One More Thing: During the Current Crisis, SA Leaders Should Invest in People, Not Another Pie-in-the-Sky Project

click to enlarge WIKIMEDIA COMMONS / BILLY HATHORN

  • Wikimedia Commons / Billy Hathorn

Editor’s Note: The following is CityScrapes, a column of opinion and analysis.

Just one more thing.

One more big thing. One more grand project with the promise that it would make San Antonio grow. That would make San Antonio great — and put it at the front rank of American cities.

In the early years of the 20th century, that one big thing was a public auditorium — an auditorium that would make us the convention destination of the Southwest. That would bring untold numbers of big spending visitors. Then, in the late 1930s, the grand project was a San Antonio River canal, joining the city to the gulf and the intracoastal waterway. A bold headline in the San Antonio Light proclaimed “Canal Means Boom for S.A…. Factories Always Seek Cheap Transportation.”

And if the canal never came to fruition, there was always another thing.
By the 1940s, what San Antonio needed was a coliseum, as the only large Texas city without an “exposition plant.” Build it, and we could accommodate a bigger stock show, flower show and rodeo. And the president of the San Antonio Horse Show Association added that “San Antonio has the best climate in the world for the training of polo ponies but does not have adequate facilities.”

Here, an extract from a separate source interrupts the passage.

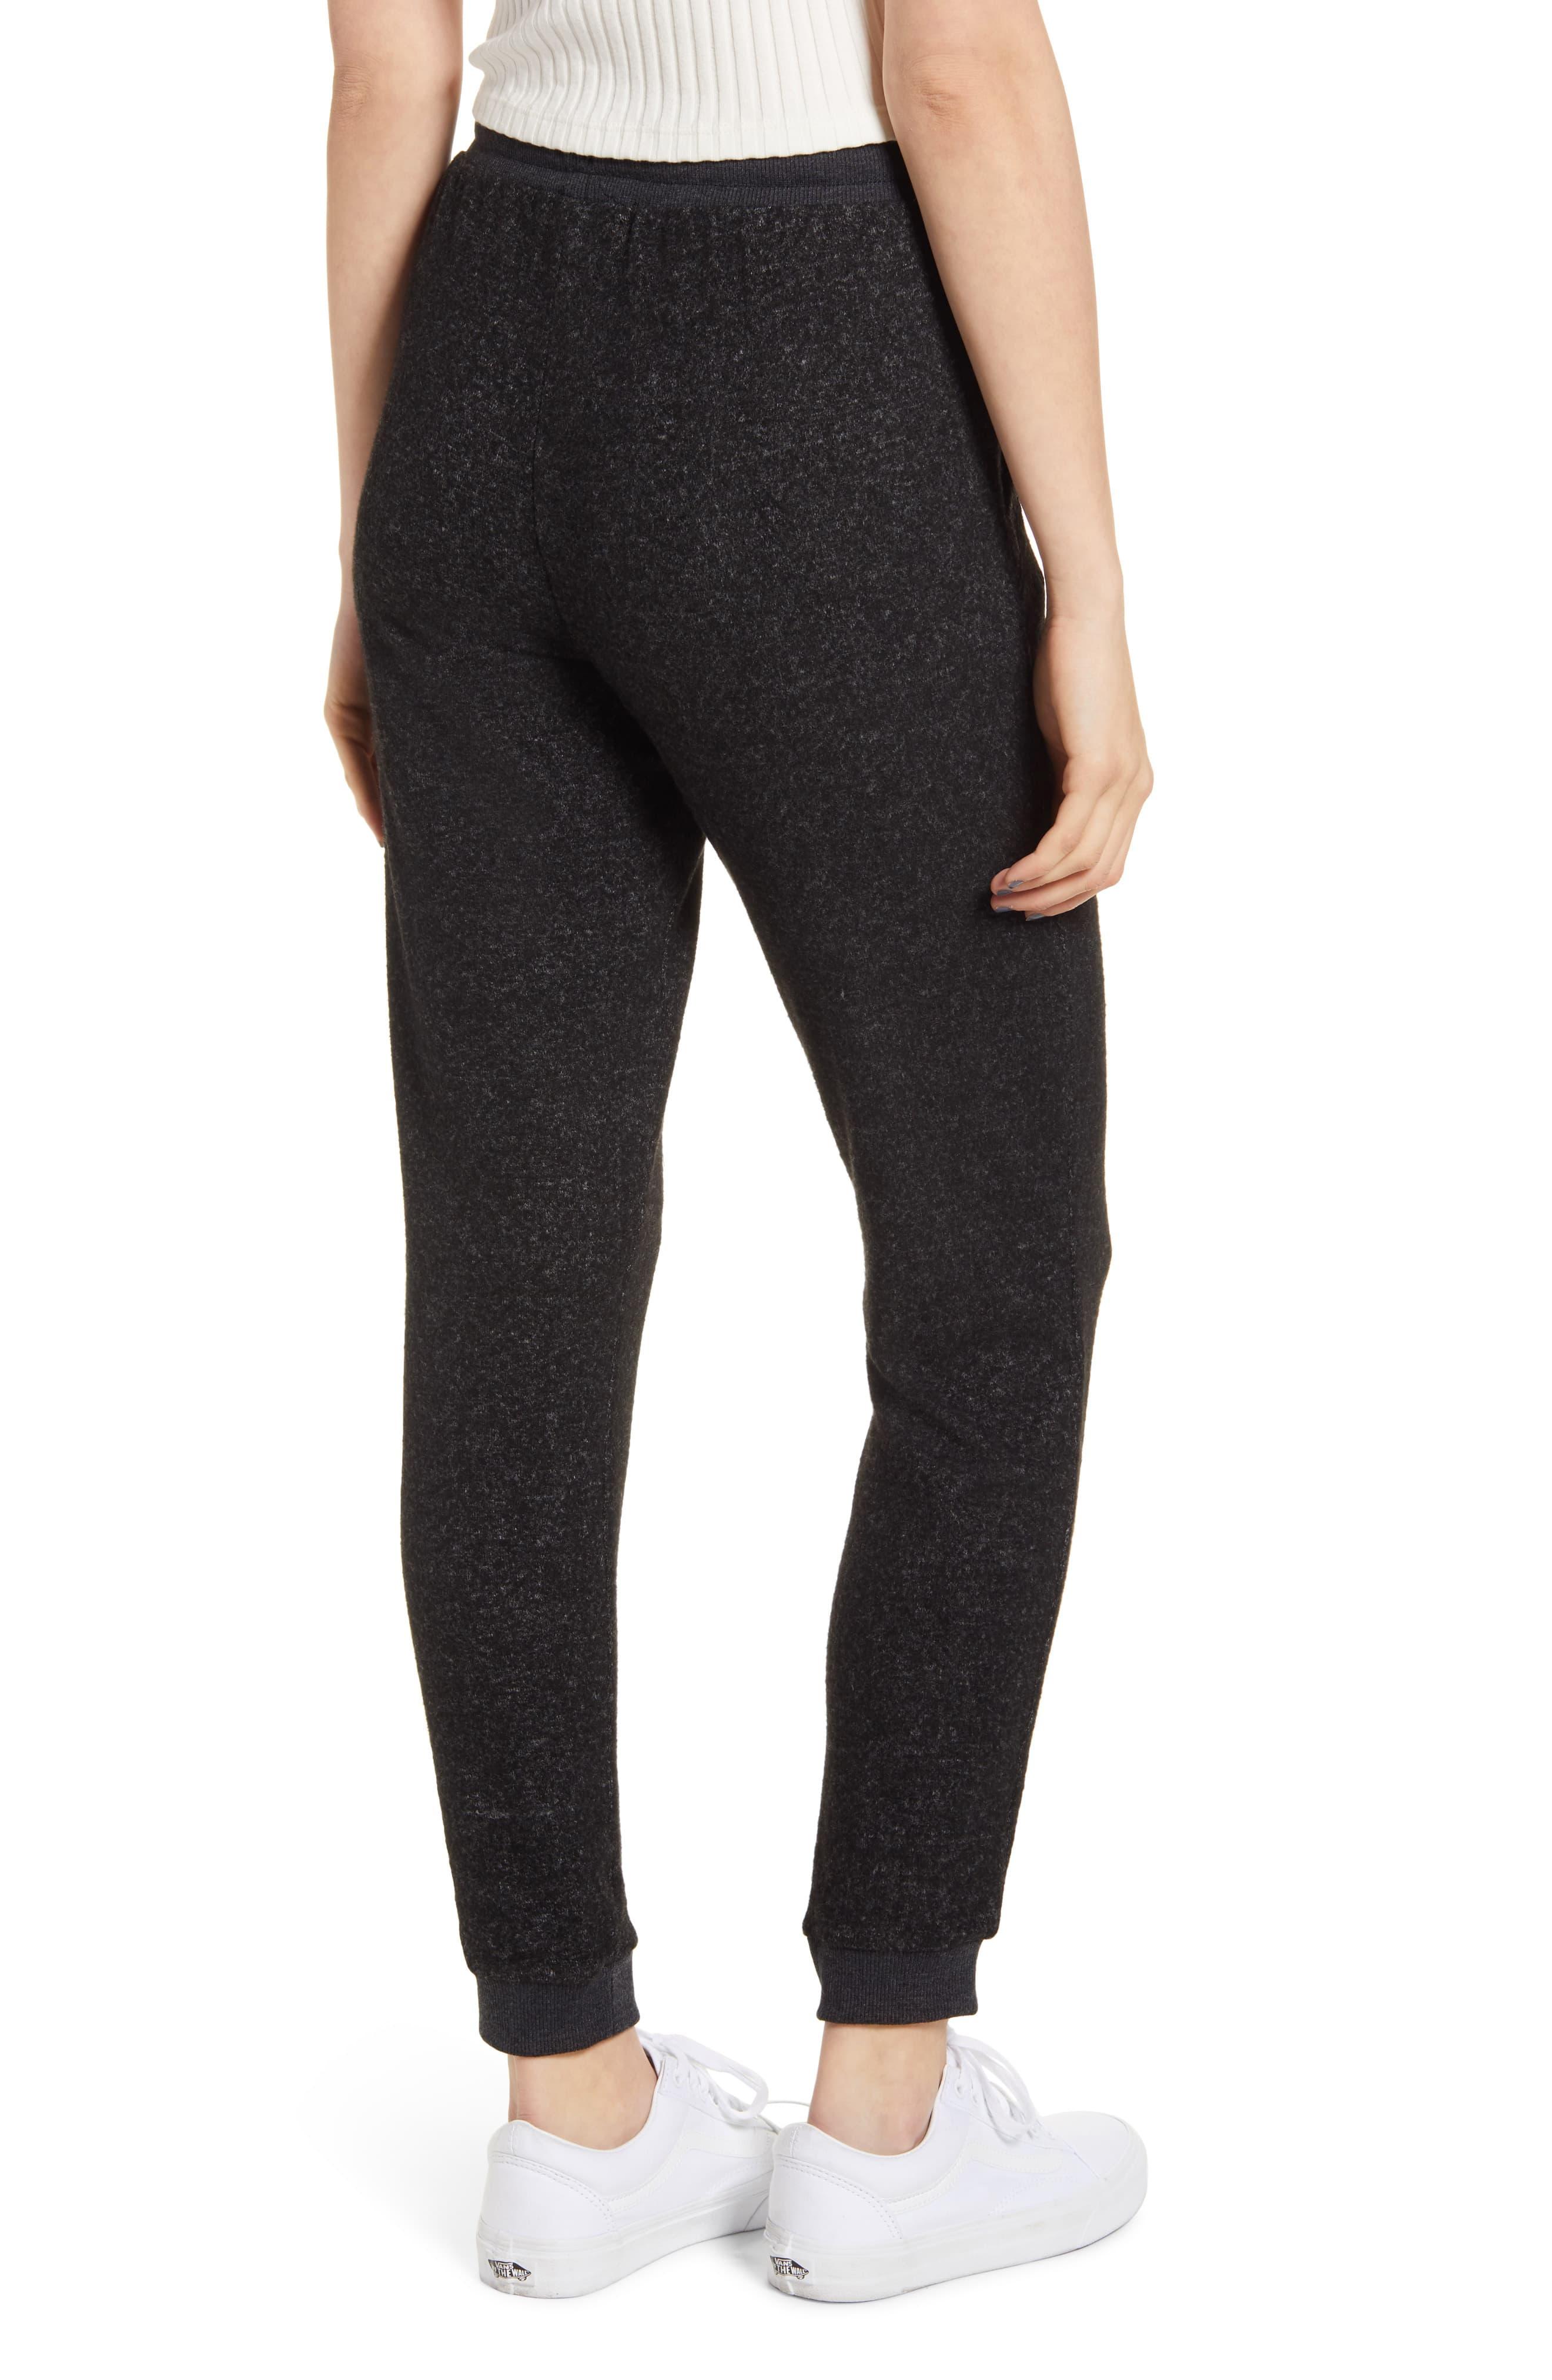 Rip Curl Cozy Jogger Pants in Black Heather (Black) - Lyst

We needed a medical school, and the proposed Air Force Academy. Then it was a World’s Fair, followed by a 1,000-room hotel. A downtown shopping mall. Sea World — and a new highway to get there. And then Fiesta Texas, with the promise that we would be the next Orlando, Florida. And don’t forget a domed stadium for our soon-to-come NFL team.

Whether or not each of these big projects was realized, whether or not they actually delivered on the promises and forecasts, there was always another big new thing that would boost San Antonio. Unfortunately, decade after decade and generation after generation, our leaders failed to recognize the one thing that vital to urban success — the thing that more recently led to microchip plants booming in Austin while they failed here. The reason that when Tesla searches for a new plant in Texas, it looks not at San Antonio but at Austin.

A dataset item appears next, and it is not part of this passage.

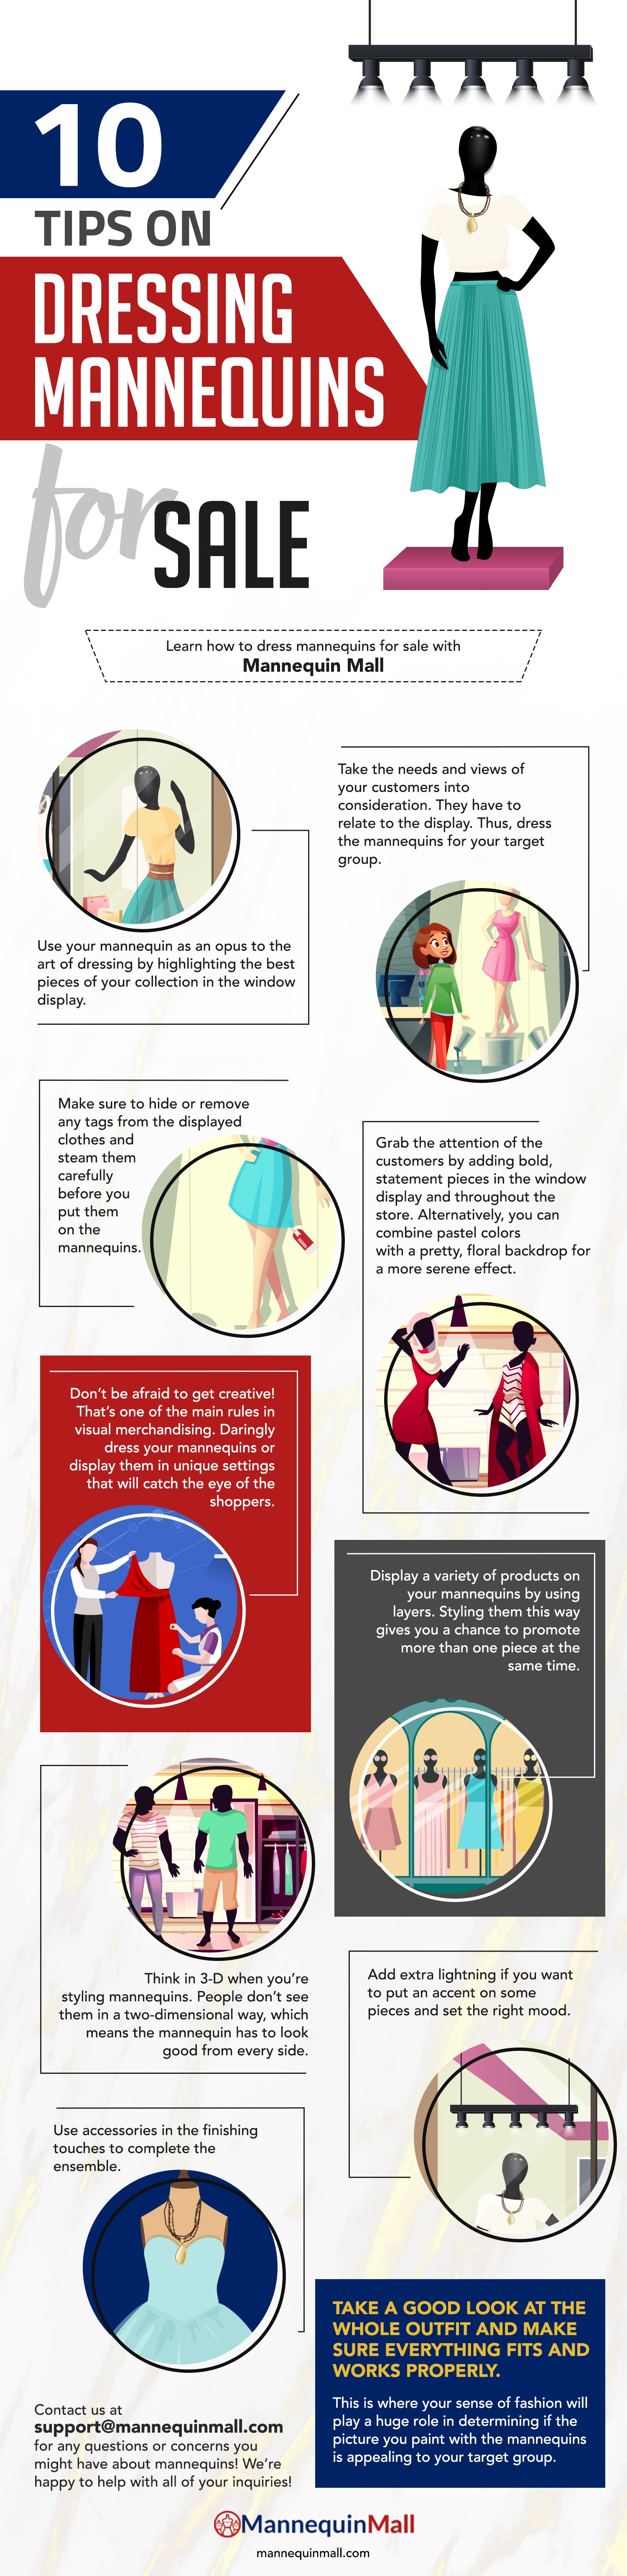 Dressing Mannequins Infographic

“In the past, good jobs and high incomes were tied to the large-scale production of manufactured goods,” University of California at Berkeley economist Enrico Moretti argues in his 2012 book The New Economy of Jobs. “But today little value remains in the production of goods that anybody can make. Good jobs and high salaries increasingly come from the production of new ideas, new knowledge and new technologies.”

The road to a better local economy and an expanding economic future does not lie in building new public buildings, in bribing firms to come to San Antonio or in trying to sell the city to out-of-town visitors. It lies in developing a skilled, educated and highly adaptable labor force — investing in our people, not in buildings or public subsidies.

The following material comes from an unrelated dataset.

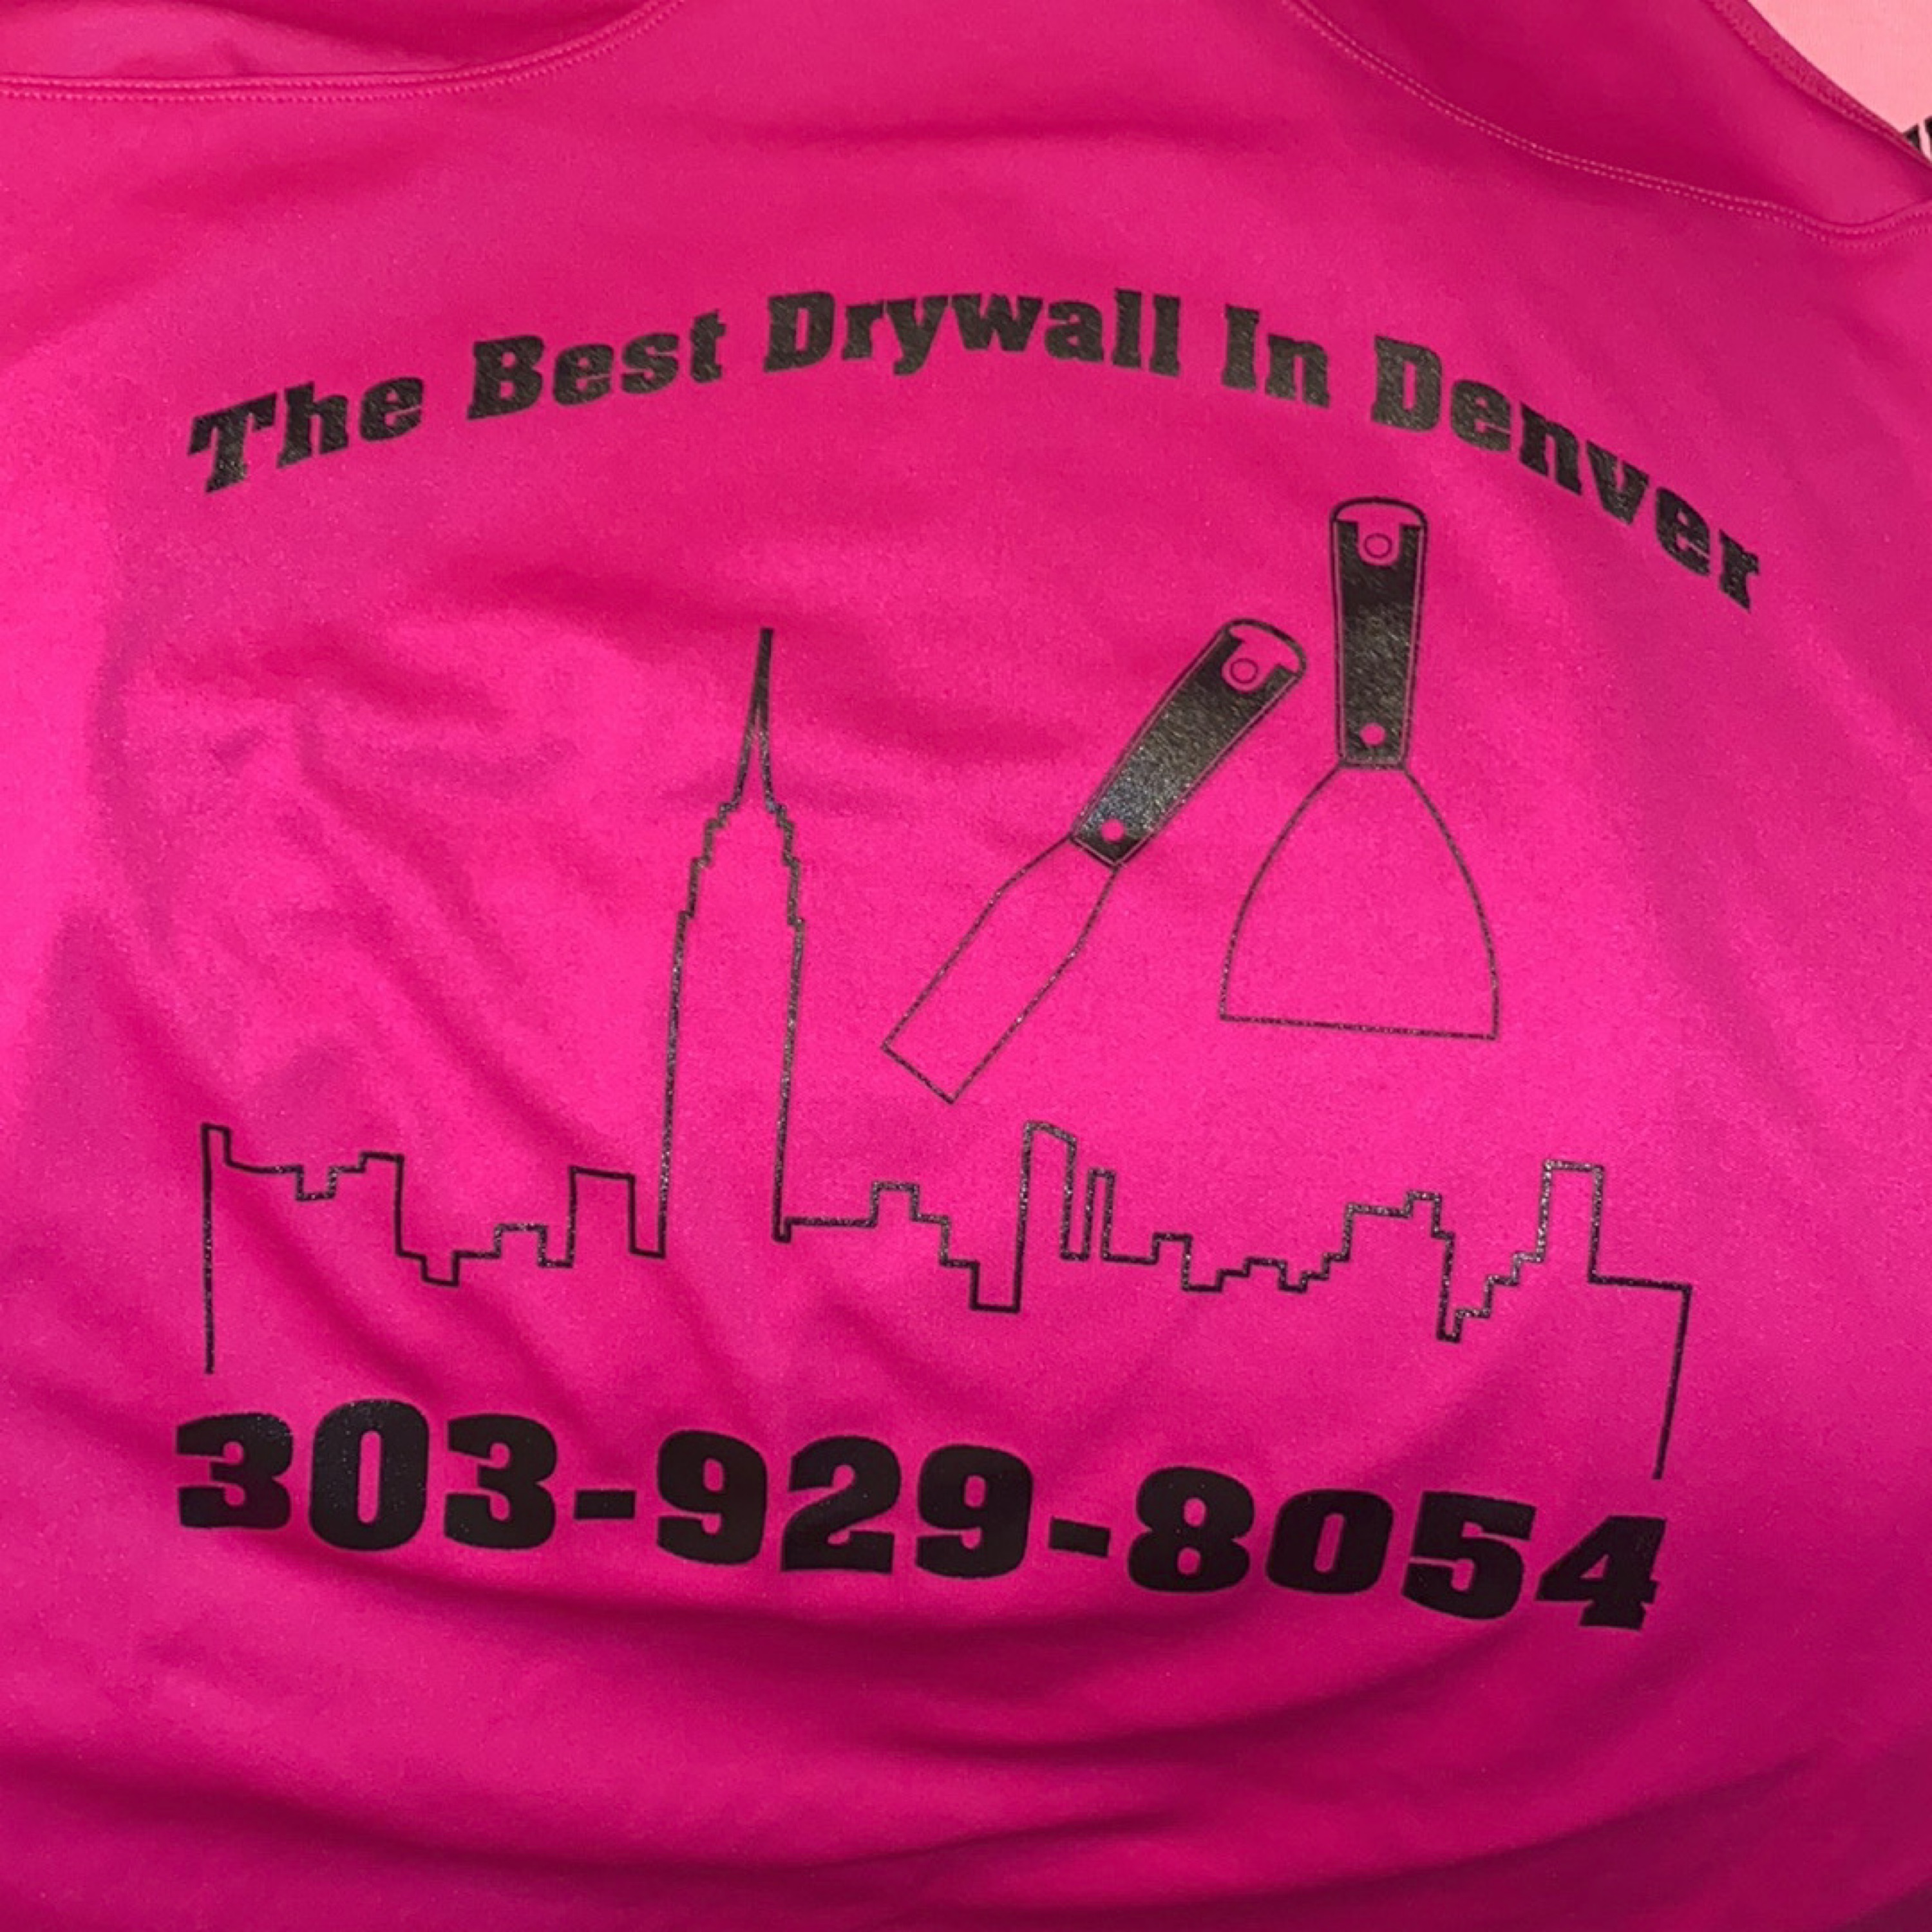 The Best Drywall Company in Denver Logo

A human capital investment effort is not an easy thing. It involves marshaling the resources and commitment across the entire community to support the further education and skills development of people who have families, jobs, and these days pressing financial needs. It may have to be started at a limited scale. But we have a track record and evidence of substantial public support.
Project Quest, which began to assist workers displaced by the loss of manufacturing jobs when Levi Strauss departed San Antonio, provides a nationally recognized model for job training. Its model can also be built upon and expanded. What’s more, former Mayor Julián Castro’s Pre-K for SA program demonstrated a willingness by local voters to invest in our people.

A recent Bexar Facts poll from KSAT-TV asked a sample of local voters for their opinion on the areas where the city government is spending to deal with the coronavirus. Providing workforce development support, including job training and childcare, garnered 92% support, with 68% ranking their support as “strong.” That actually topped the support for providing Wi-Fi and technology aid for local students, which came in at 87%.

The overwhelming public support for workforce development should send a message to city and county leaders — a message that mirrors Moretti’s conclusion. We need to invest in San Antonians and our potential.


Heywood Sanders is a professor of public policy at the University of Texas at San Antonio.